CUSTOMER JOURNEY MAPS
Customer Journey Maps, as the name implies, portrays the experiences of customers with your client across a variety of touchpoints over time. But its real value—either to you or to a client with whom you might share your Journey Map—is not just the existence or sequence of touchpoints; it’s all about the customer’s experiences of those touchpoints. Journey Maps help us visualize the larger customer experience by revealing each step of the way—from walking in the door of our local Starbucks to taking the first sip of our latte—along with patterns of interaction and experience. They reveal high points and points of friction—both of which might be capitalized on by your client.
Your Journey Map can range from the highly unsophisticated, such as our example here, to the highly detailed, and there are plenty of templates to be had, courtesy of Google.

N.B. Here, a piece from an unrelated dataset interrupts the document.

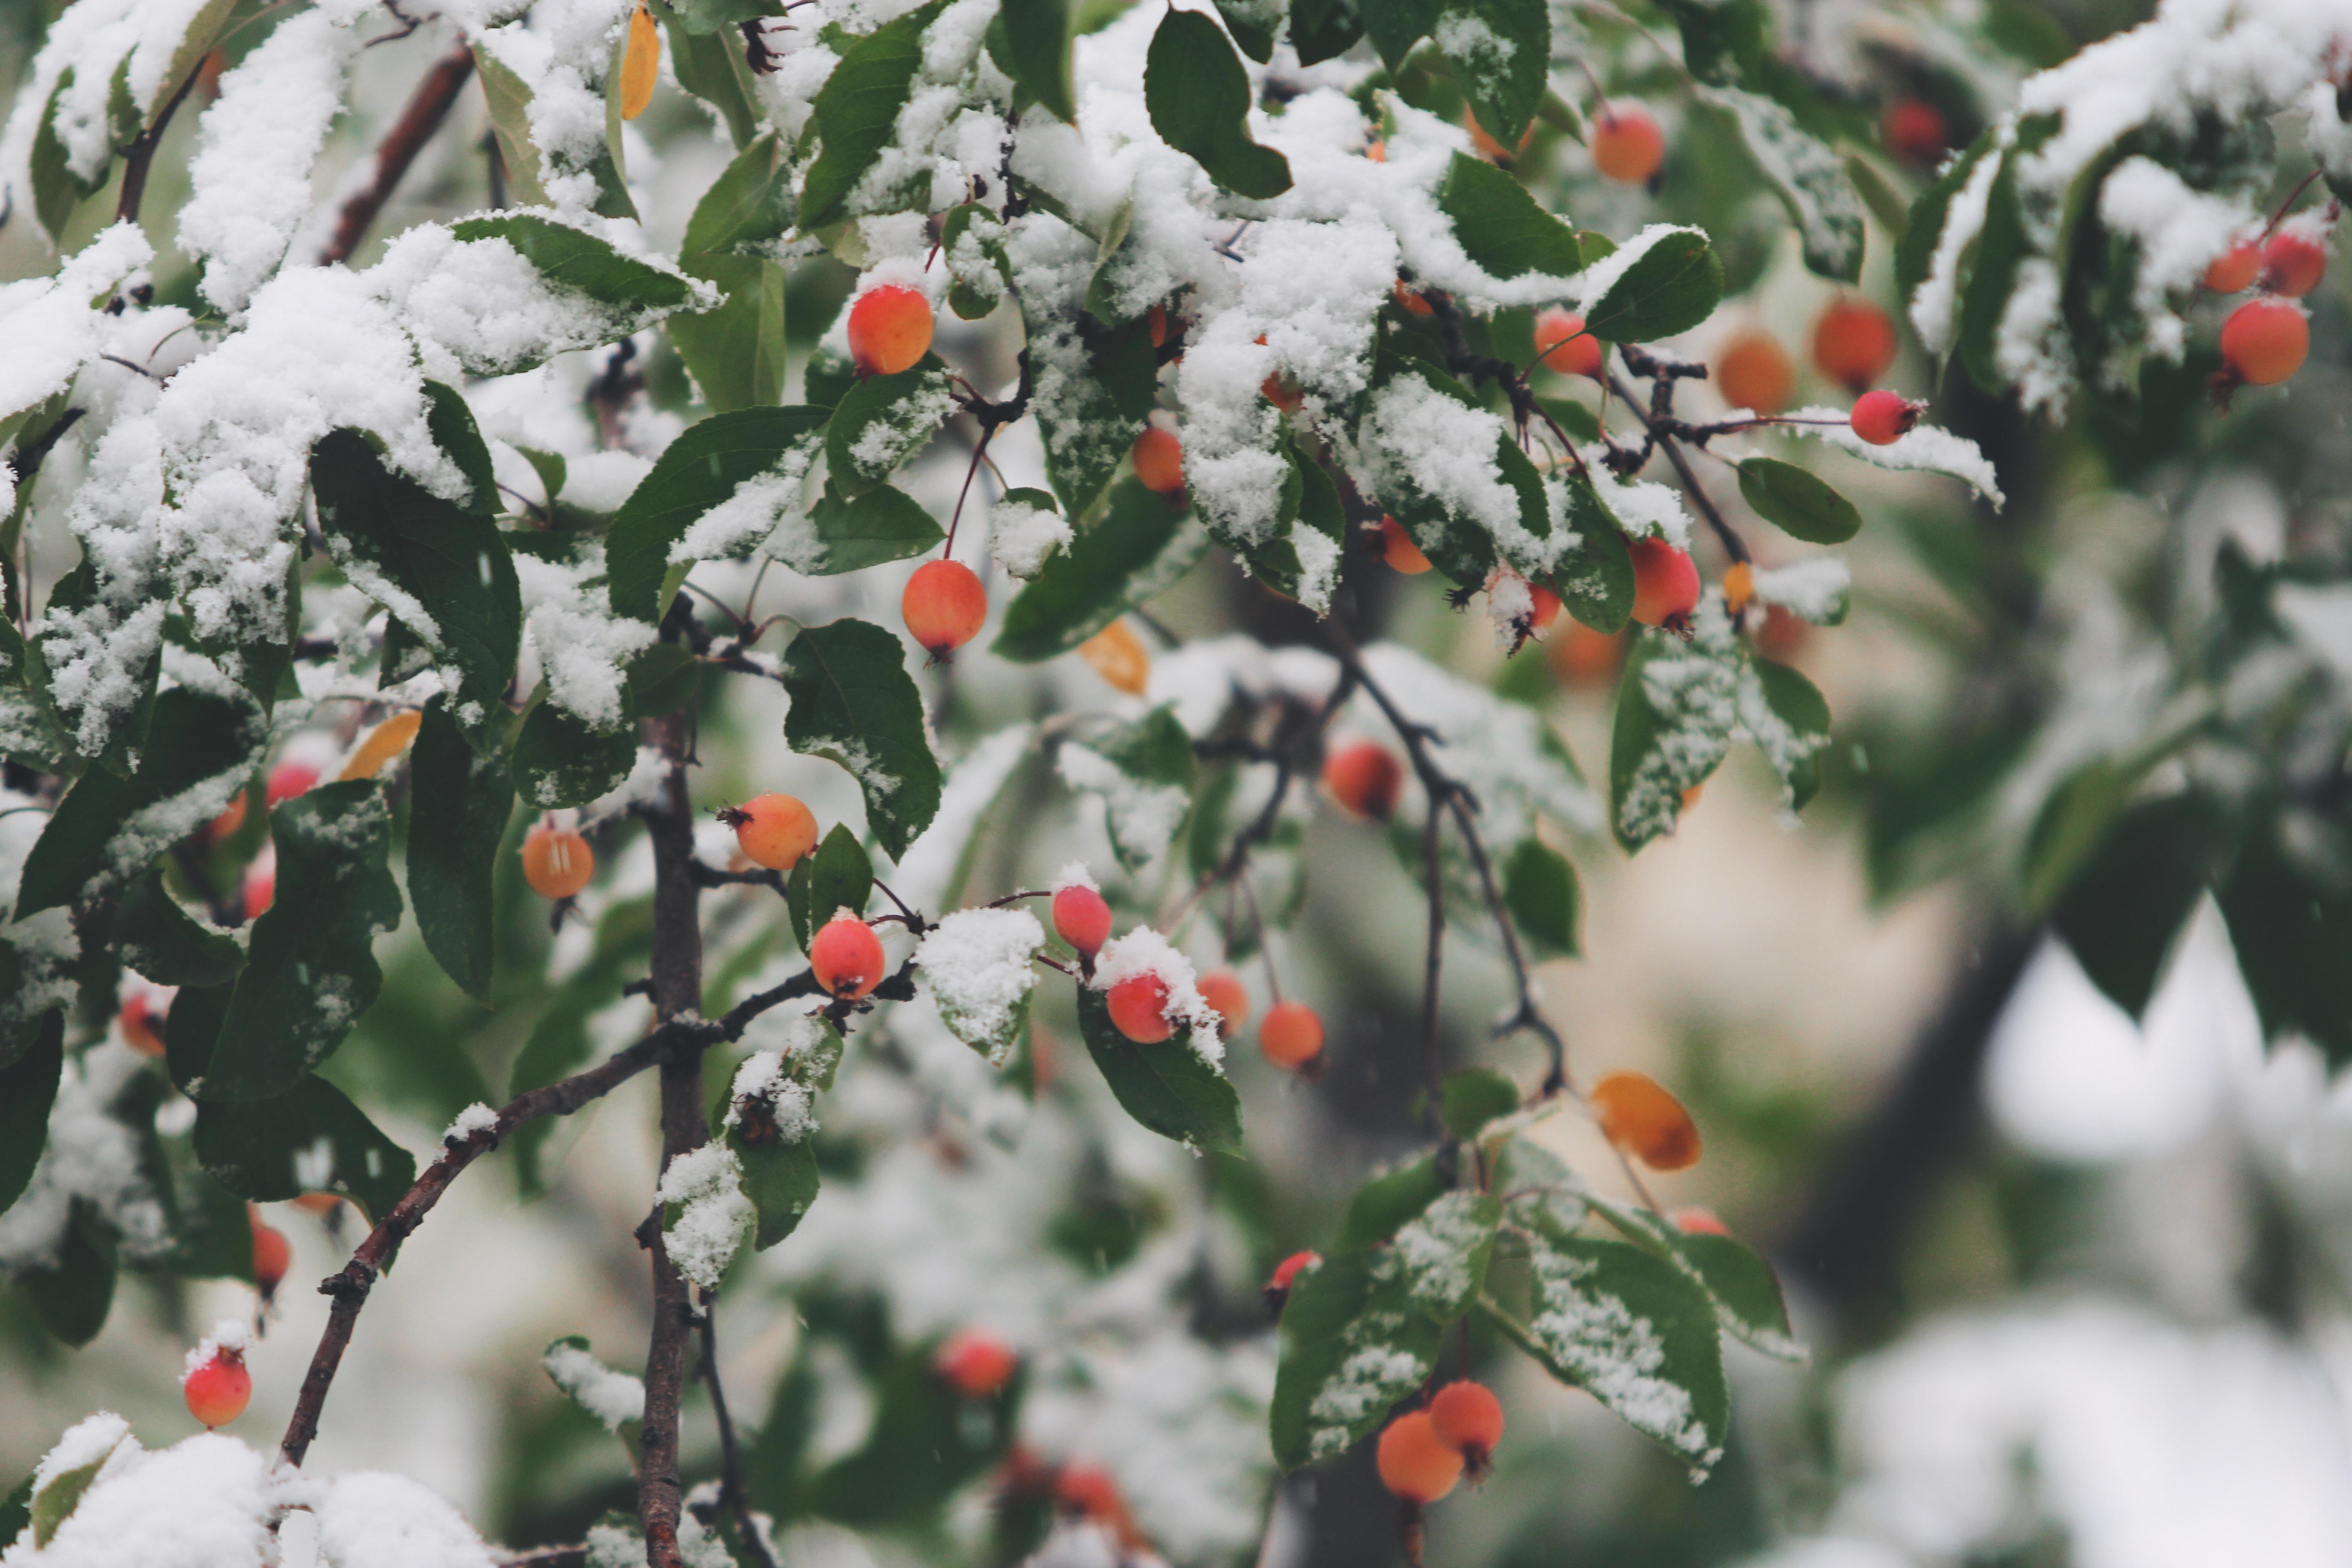 Wild Berries, Berries, Fruit, Snow, Tree, HQ Photo

Generally, you plot the customer touchpoints from left to right along an x axis. Then, for each of those touchpoints, digital or physical, you plot customer experience on the y axis, a range of positive experiences increasing in posi- tive intensity above the x axis, and increasingly negative experiences below.
This tool’s value is that it can help you (and possibly your client if you share it) quickly determine moments of delight and moments of cringe. It could even help reveal patterns that are invisible when examined piecemeal. We’ve seen Journey Maps used very effectively to deepen discovery with clients for even more insight—where a moment of friction on the map sparks even deeper conversations about the underlying operations that cause it.
JOBS TO BE DONE
Tony Ulwich developed Jobs to Be Done,3 and it was popularized by Clayton Christensen from Harvard Business School.4 It started as a marketing tool and has since gravitated and morphed to the world of Design.
The tool follows the famous quotation from Theodore Levitt, an economist from Harvard Business School: “People don’t want a quarter-inch drill. They want a quarter-inch hole.” In other words, it’s easy to generalize about what people want and put it in terms of what we’re used to providing. In this example, a drill manufacturer sees customers as wanting their products. But that entirely misses what their customers actually want. Jobs to Be Done helps us get below the surface and connect with underlying motivations more effectively.
Here’s how you use the tool: whatever thing you’ve noticed—an experience, tool, product, service, and so forth—can be thought of as a job the customer is hiring it to do in order to accomplish something. If you’ve noticed a hack, it’s the converse—they’re firing something because it wasn’t doing the job they wanted. What job does the thing serve? What do customers want? What’s their motivation? What’s the outcome they’re seeking? Why is that important to them? Keep in mind that jobs aren’t solely task or function related. As our graphic suggests, we hire things to satisfy emotional needs as well—for ourselves and for others.
THE EMPATHY ADVANTAGE
Empathy makes your insights more practical and powerful. What are people trying to do, and why is it important to them?
Salespeople typically focus on the attributes of the product being sold and the extent to which they match the client’s environment. It’s far more effective to focus on your customer’s motivation: whatever underlies and explains their thoughts and actions.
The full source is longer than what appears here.